I'm at work and it's 1:30. I need a beer. is that bad?
Welcome to every minute of my life.
Dude, I found out the hard way that she wipes back to front. I ate her out and had to throw up.
Tonight we are playing Scuba-Keg. Getting keg now. I'll explain when i get home.
These headphones make me feel like I'm sitting on John Mayers lap and he's singing just to me. I picture like a pitch black room with a single spotlight on us. Also, convinced Kyle to give me percocet soo.
Also, just almost microwaved cereal. Thank god mom is here to stop me.
I don't think a gay three way is the best way to confirm your sexuality.
words I never want to hear dad say again: "Trevor you sexy man you"
I need to keep a secret stash of instant alcoholic margaritas for when i deal with people. For example, right now, im grading, and I just don't fucking care any more. My students should make a thank you card for Jose Cuervo.
That time we were having sex when you were super drunk, I kept yelling out, "Oh God," and you said, "You're going to need him after this." Idk why I suddenly thought of that.
I'm not in bed, I'm driving and puking at the same time.... first for everything
Dude we just exchanged Zelda related pickup lines. I fell in love at "you can blow on my ocarina"

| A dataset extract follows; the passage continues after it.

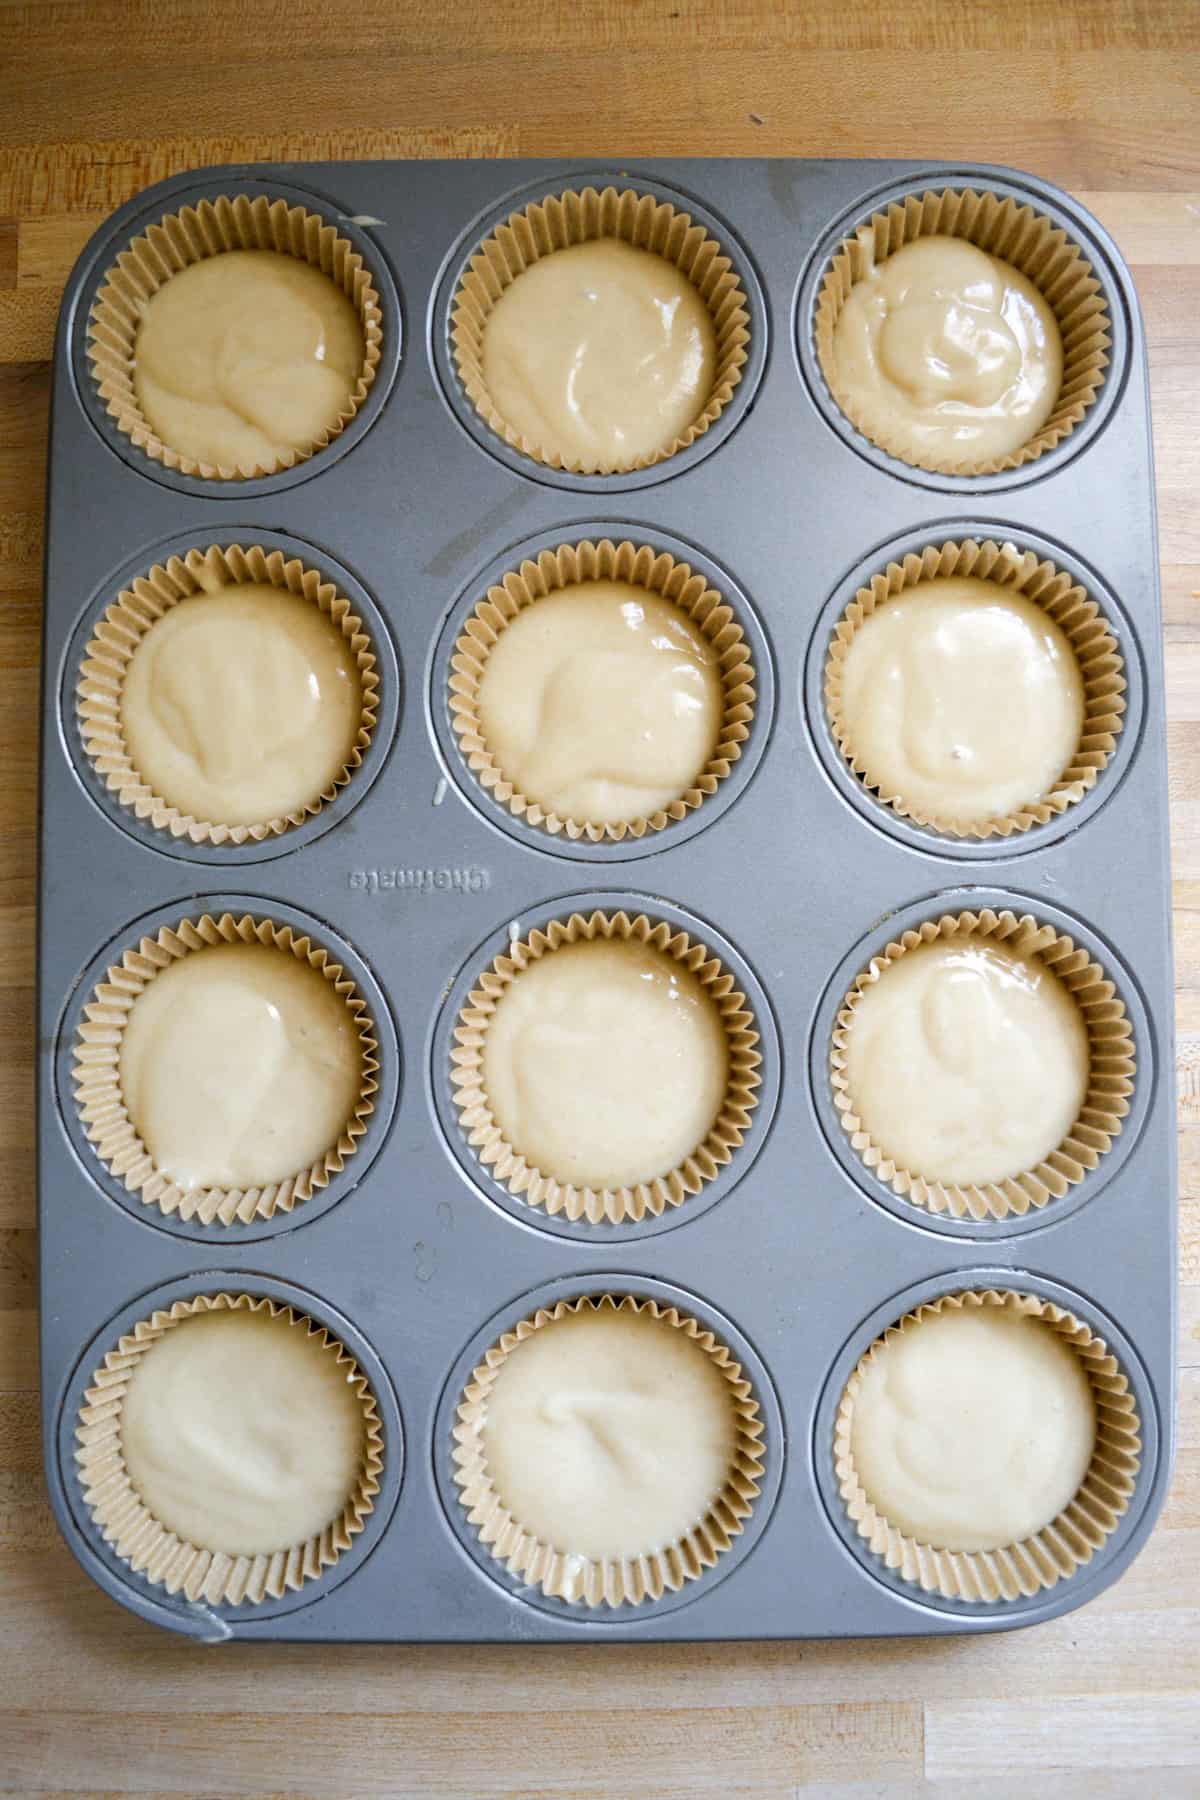 Cupcake batter portioned into a lined cupcake pan.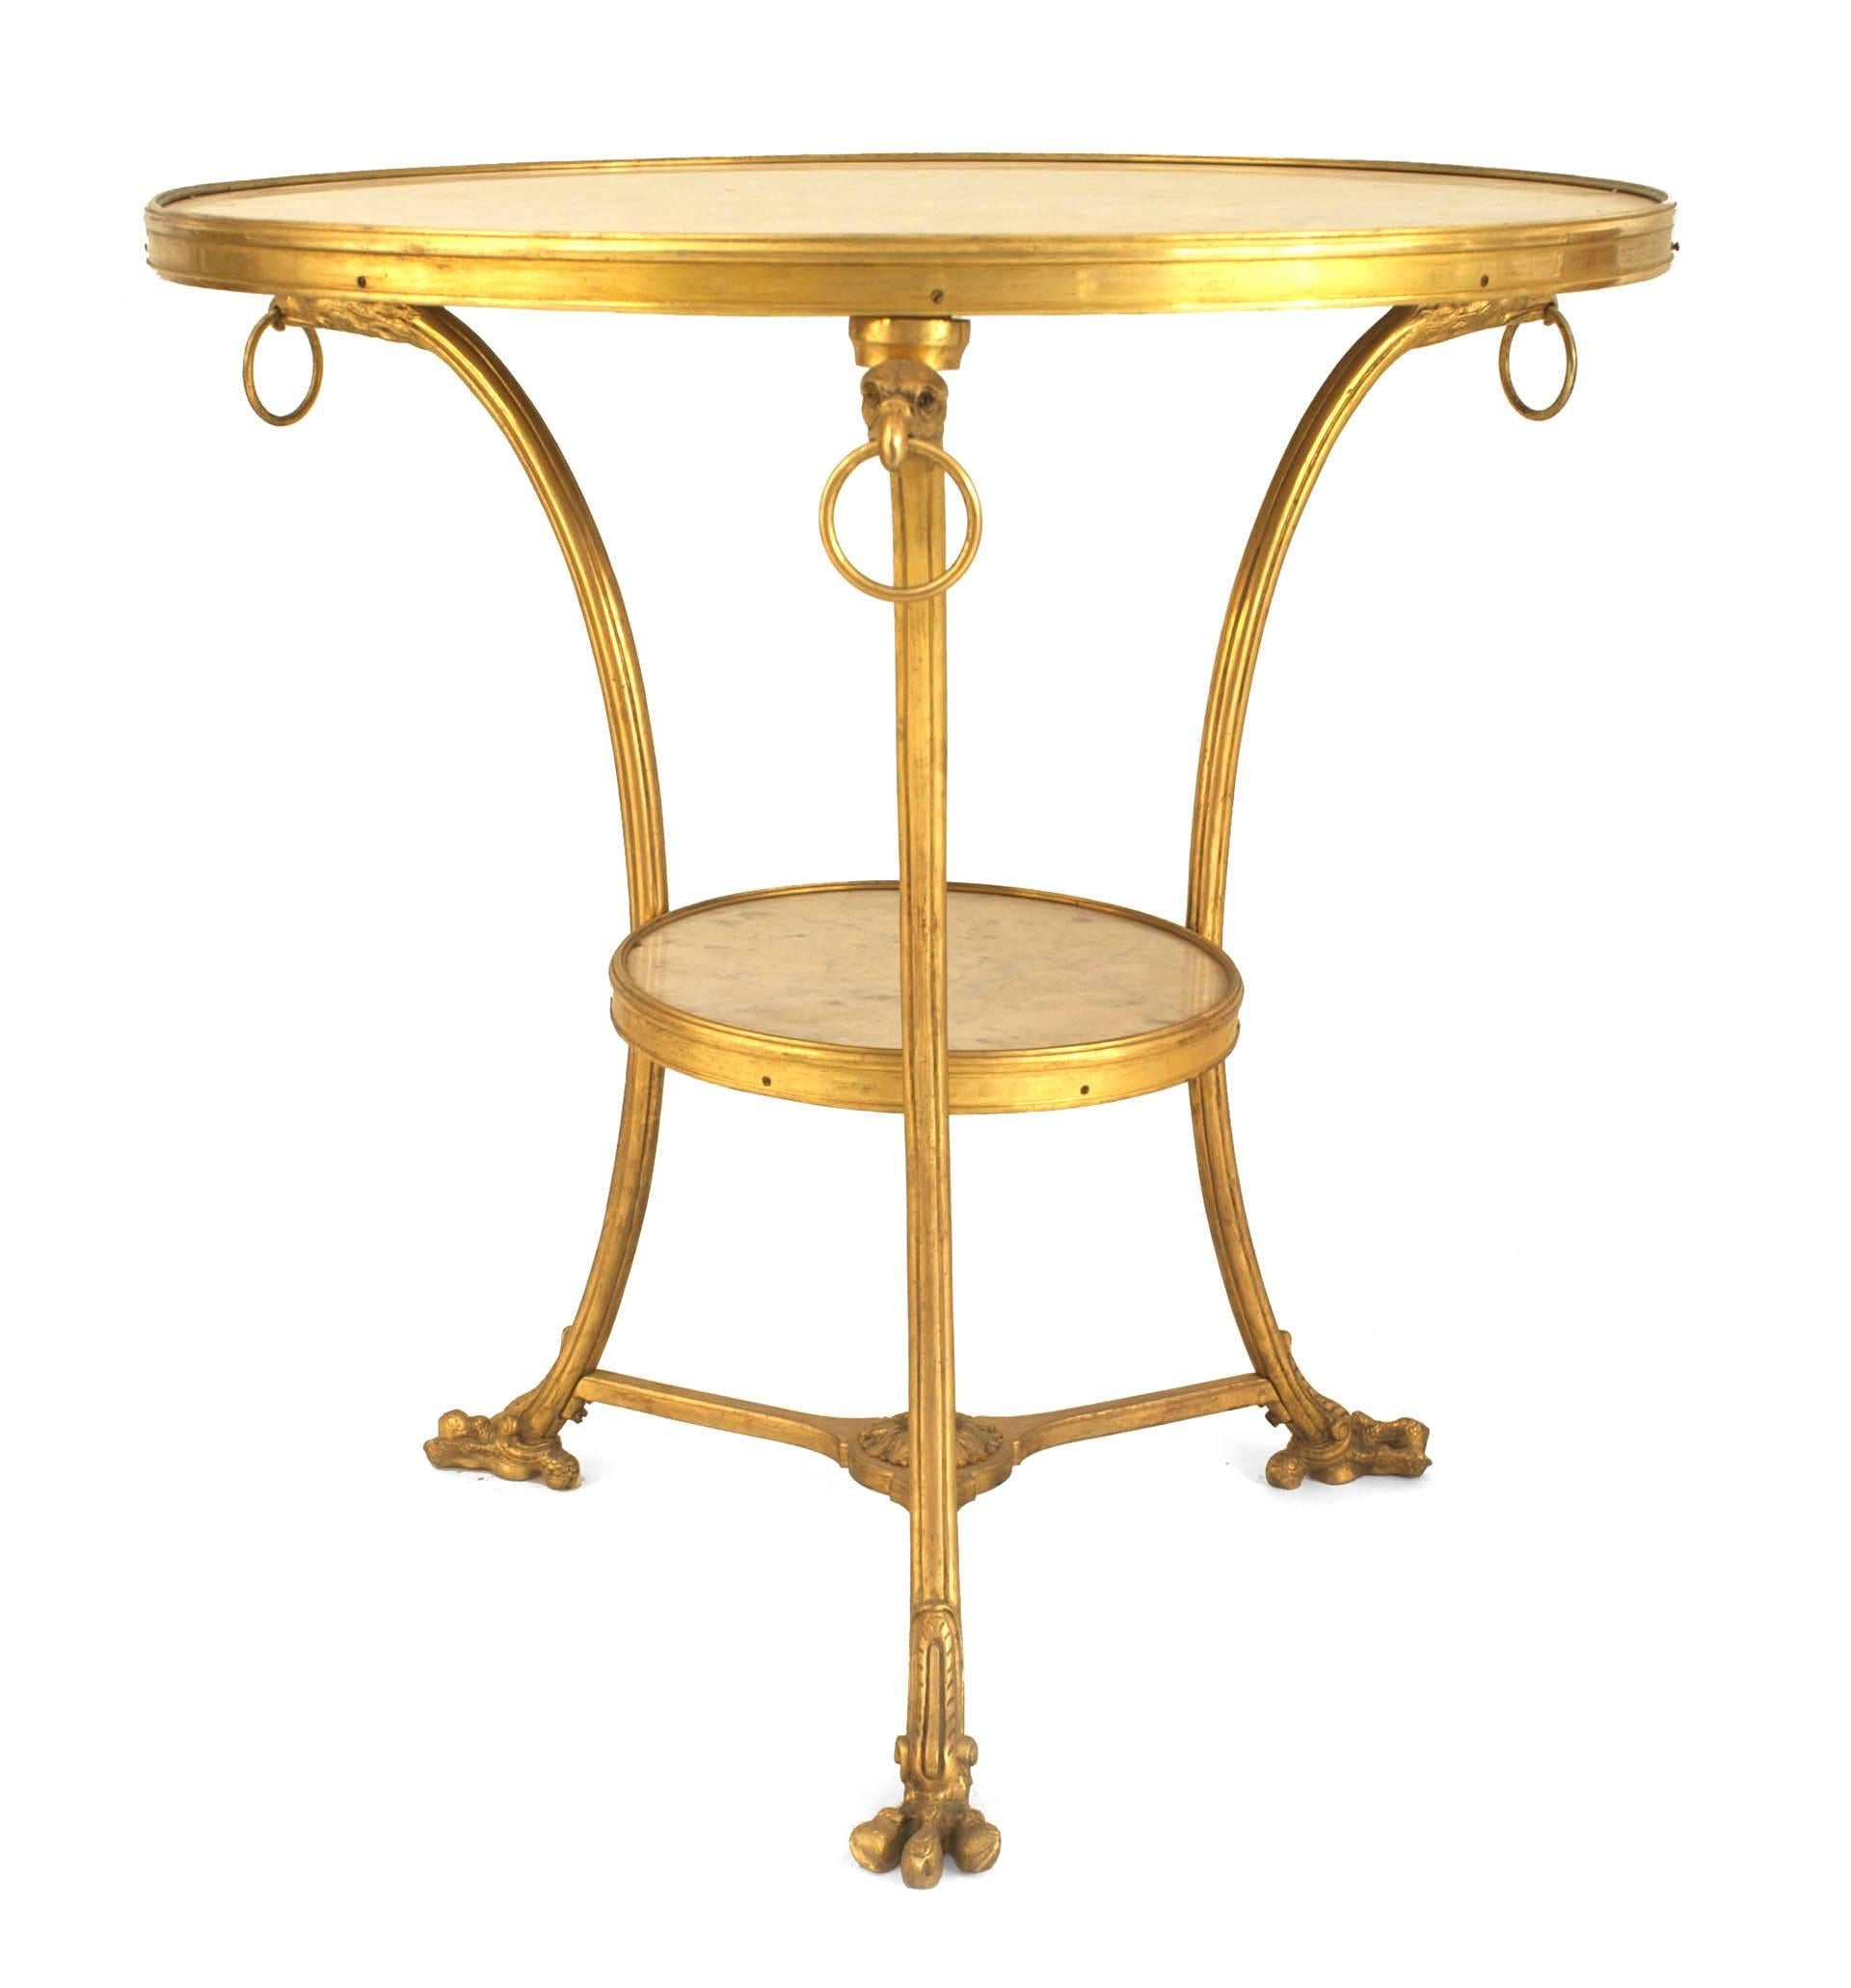 Two French Empire style bronze doré three legged round Gueridon end tables with eagle head design and white marble top and shelf (priced each).
  

She was drunk at Red Robin. She asked for more fries and then shoved them in her purse while saying "Come on bitches, you're coming with me" to them.
I wish I was taller so I could give these boobs the publicity they deserve.
I wrote life affirmations on my notes to repeat and read several times a day so I become a better person, see the time on the toilet has been constructive
You got up in the middle of a sentence, puked, came out and poured another glass of wine and continued your story.